I recently wrote a review to celebrate the twentieth anniversary of the first Mediator complex EM reconstruction. This blog post is an update with clickable links (links to the papers and to the PDB/EMDB codes).
Recently I started a Twitter thread highlighting a couple of seminal discoveries in molecular biology going back in the 40’s 50’s #classicpaper. I received many positive feedback and the thread was quite popular. I am of course very pleased but this was also quite unexpected. Unexpected because it’s classic textbook knowledge really, unexpected (but again a pleasant surprise) because I wrongly thought apparently that nobody anymore read old scientific papers.
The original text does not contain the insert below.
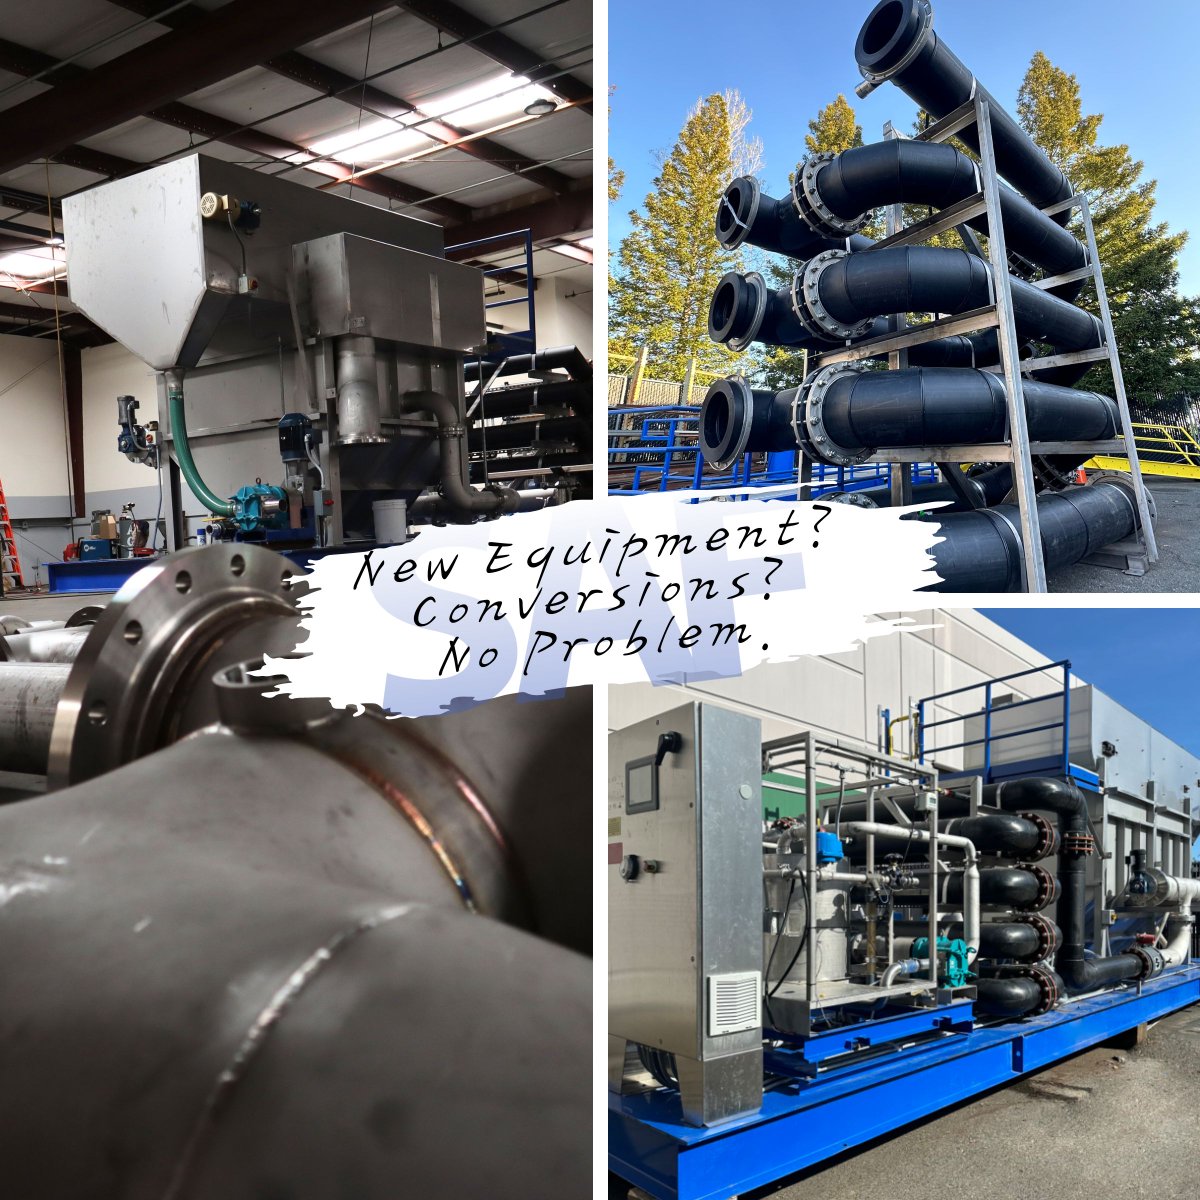 SAF® systems efficiently treat water volumes from less than 50 GPM to over 11 MGD. SAF® is your reliable, scalable, and effective treatment solution for a range of water management needs.

#water #wastewater #wastewatertreatment

I certainly did not read all these papers when I was a student but as I am getting older, I have a growing interest in the history of science. The birth of molecular biology is a fascinating golden period from the revelation of the double helix of DNA to the cracking of the genetic code and first glimpses of gene regulation. This thread was inspired by reading ‘She has her mother’s laugh’ by Carl Zimmer, ‘Life’s greatest secret’ by Matthew Cobb, ‘The eighth day of creation’ by Horace Judson, ‘Brave genius’ by Sean B Carroll and ‘Histoire de la Biologie Moléculaire’ by Michel Morange (that is going to be translated in English by Matthew Cobb).
I strongly encourage students to read these books and these seminal papers (unfortunately many of these seminal papers are still under paywall but you know what to do*). Again, this golden age of creative thought and hypothesis-driven research is such an inspiration. The strategies and methodologies created from scratch for almost each experiments, the concepts developed that are still true and central to modern biology, pure joy. As I sometimes said, if time travel was possible I would love to have lived in the 50’s-60’s to witness the birth of Molecular Biology and meet all these fantastic scientists.
1⃣ 1944 Oswald Avery, Colin MacLeod & Maclyn McCarty – DNA, not protein as was commonly believed, is the hereditary material for bacteria, and the cause of bacterial transformation.
2⃣ 1947 André Boivin & Roger Vendrely – a near forgotten 2 pages in French that suggest almost explicitly that DNA –> RNA –> protein.
3⃣ 1952 & 1953 Alexander Dounce – like Boivin & Vendrely, Dounce is one of the first to propose that DNA might serve as a template for the synthesis of RNA, which in turn serves as a template for the synthesis of proteins.
4⃣ 1952 Alfred Hershey & Martha Chase – They confirmed that DNA was the molecule of heredity a.k.a as the blender experiment. (However as Matthew Cobb told me, After the experiment, after the double helix, Hershey still thought protein played a role. See this recount for example).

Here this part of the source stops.